# Help with plants please



## dj-damo (Dec 16, 2011)

Hi All

I have a 240 liter tank. about 53 or 63 gallons depending if metric or imperial.

I have had a hard time trying to get any of my aqaurium plans to flourish. 

this is the test i did this morning, i did a 50 liter water change on thursday.

Ammonia - 0,003 mg/l
Nitrite - 0.000 mg/l
Nitrate - 5mg/l
PH - 6.5 - 7.0
Phospate - 0.1 mg/l
KH - 4dkh
GH - 8 dgh
Iron - 0.05 mg/l
Copper 0.000 mg/l


Stocking wise i have 
19 neon tetras
19 Harlequin rasboras
15 guppies (young)
4 Japonica shrimps
7 Red cherry Shrimp.

I have been dosing
5 ml daily easy life easy carbo
25 ml tropica aqua care weekly.

i have had a few algea issues but this is now under control. 

i have canister co2 injection. drop checker is showing green. 

i have eco complete substrate.

i really dont know what else to do. the tank does not look the way i want it to so i am now getting very depressed about it. 

i have been looking up dry ferts but not sure which way to go with this. 

on a seperate note, i have covered both my intakes with fish net netting as i brought some shrimp ages ago, and they got sucked up the filter or into the power head (which i have now removed). the problem is that it is clogging up bad is there something else i can use.

I would really appreciate any help i coud get. but if my thinking is correct i am not dosing enough in the way of nutrients. but i need to be carefull what to use due to my shrimps.

Thank you 

Damien


i would like to get more shrimp!!


pics below


----------



## Rob72 (Apr 2, 2011)

how long are you leaving the lights and c02 on for each day? are you dosing any plant food or ferts? i read you said you have been thinking of dry ferts? how long has the tank been set up for


----------



## dj-damo (Dec 16, 2011)

Rob72 said:


> how long are you leaving the lights and c02 on for each day? are you dosing any plant food or ferts? i read you said you have been thinking of dry ferts? how long has the tank been set up for


Lights are on 12pm till 9pm
Co2 10am untill 7pm

i am dosing Aqua care plant nutrition with added phospate and nitrate, 25ml each week.

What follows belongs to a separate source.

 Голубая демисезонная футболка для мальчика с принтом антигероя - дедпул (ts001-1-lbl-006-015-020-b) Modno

tank has been set up for about 4 and a half months. i also dose with easy life easy carbo.
Thanks


----------



## Gizmo (Dec 6, 2010)

dj-damo said:


> Lights are on 12pm till 9pm
> Co2 10am untill 7pm


Correct me if I'm wrong, but shouldn't you turn the lights on at the same time or before the CO2 goes on, rather than after? When the lights are off the plants are metabolizing sugars and making their own CO2, but during the lighting period they consume it in photosynthesis. Result: Before the lights come on in the morning there will be CO2 in the tank from the plants, and it will begin to decline AFTER the lights are on, not before.

If I were you, I would switch your lighting/CO2 regimen to 12pm to 9pm for lights and 2pm to 11pm for CO2


----------



## jrman83 (Jul 9, 2010)

It is fairly common to turn on CO2 prior to lighting in order to be close to, or attain green on the drop checker before the light does come on and to kill it prior to the lights turning out. Your CO2 and lighting plan seem fine to me.

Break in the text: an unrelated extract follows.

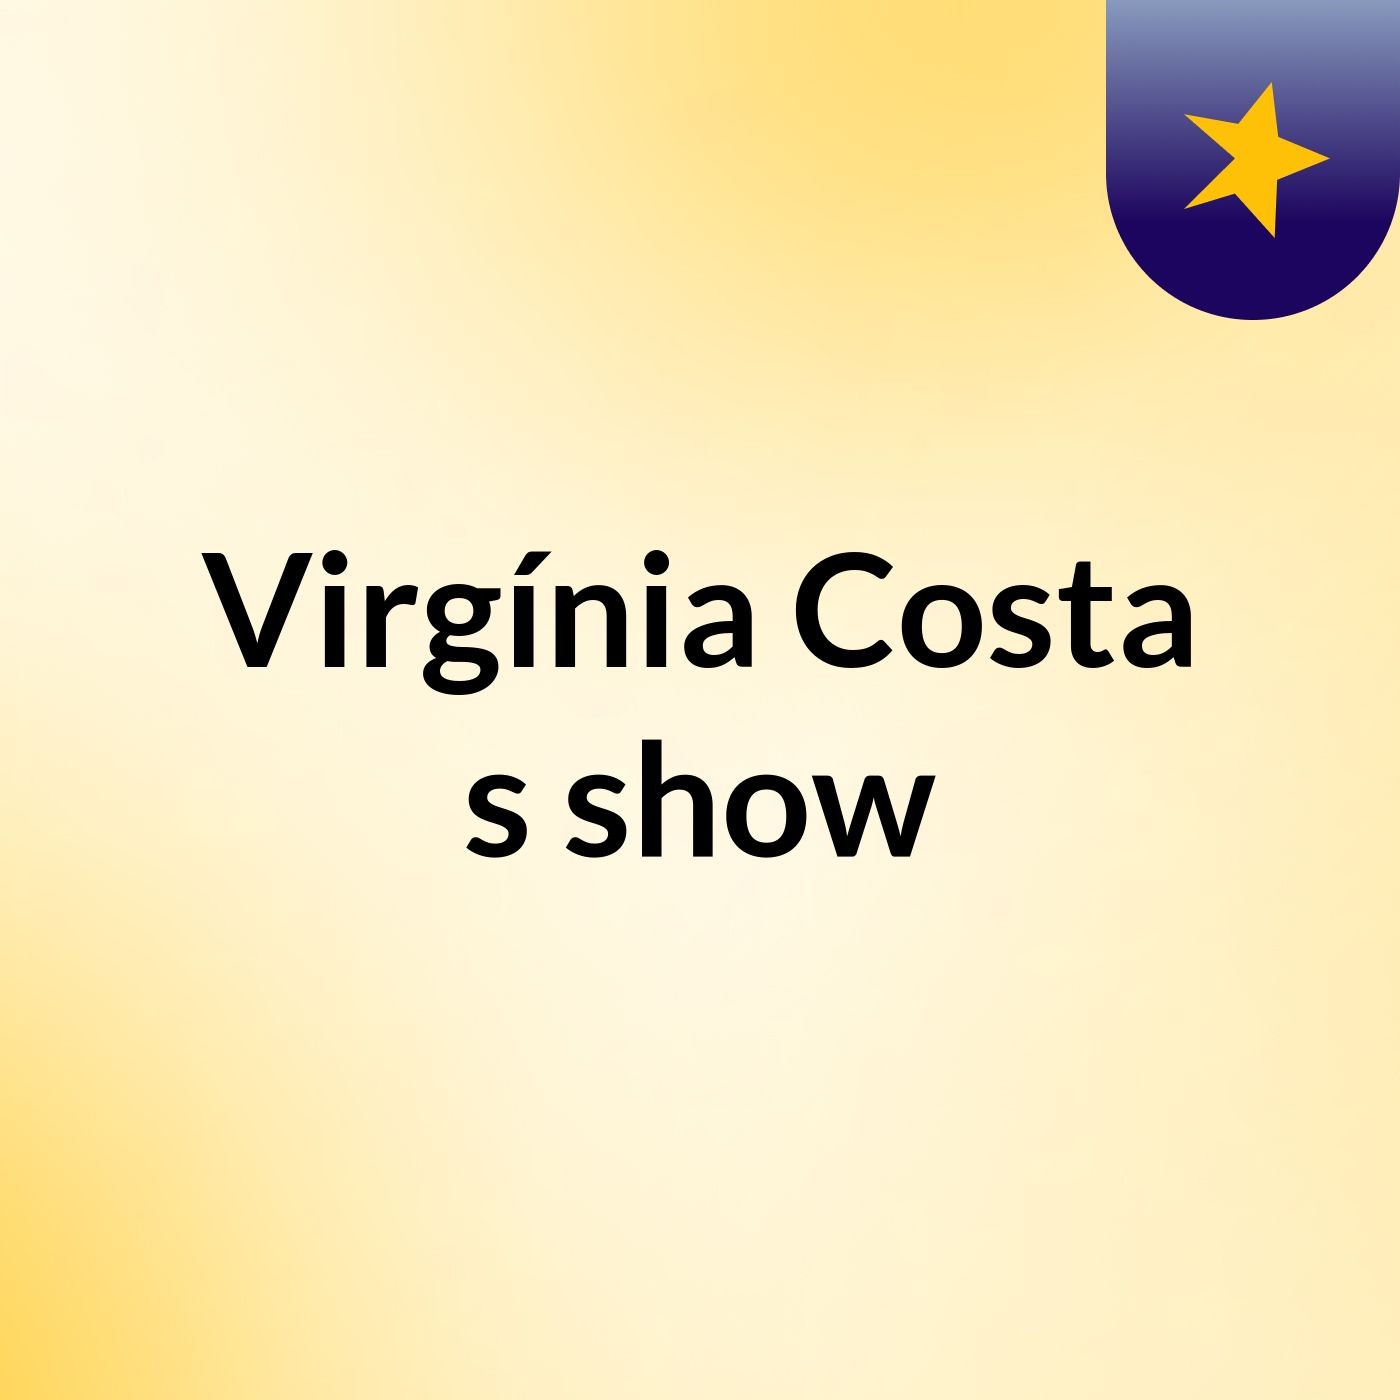 Virgínia Costa's show

I didn't see anything mentioned about your light. Do you have the specs?


----------



## dj-damo (Dec 16, 2011)

jrman83 said:


> It is fairly common to turn on CO2 prior to lighting in order to be close to, or attain green on the drop checker before the light does come on and to kill it prior to the lights turning out. Your CO2 and lighting plan seem fine to me.
> 
> I didn't see anything mentioned about your light. Do you have the specs?


ok thats good for the lighting 

2 t5 bulbs at 39 watta each 
Giesemann T5 Powerchrome Midday 39W 6000 kelvin
Red sea max white 10000 kelv, though i have just ordered another midday one as i think the red sea is too much. 

im not sure but i think i worked my watts per gallon to be 1.5?? but it was the ballast that come with the tank. i have some dry ferts arriving on tuesday so will see how that goes and if i get a better result. 

as my plants are nutrient deficient will they recover or am i better off starting again?

and my tank is 200 liters not 240!

Thanks

Damien


----------



## luananeko (Aug 27, 2010)

I'm guessing the ballast that came with the tank is the source of your problem... If I remember right, if the ballast isn't good enough the bulbs won't perform to their maximum potential. Look into replacing it with a fixture meant for plants and you should have better results.


----------



## jrman83 (Jul 9, 2010)

Are you using tank water in your drop checker or some other solution? If you are using tank water and your water is a tad soft, you can show green on your drop checker very fast....it will give you an erroneous reading in other words. Also, how many bubbles per second are you hitting?

Lack of ferts may be your issue. Your light is either dead into the high light area or right on the edge of it. Either way, you need to be dosing daily with ferts. I would get dry ferts (much cheaper in the long run) and use this thread as your dosing guide _Dosing Regime's_ . It will take a while for your plants to recover, but I think they will once you get everything you need. I would either go to greenleafaquariums.com or aquariumfertilizer.com and get the ferts.


----------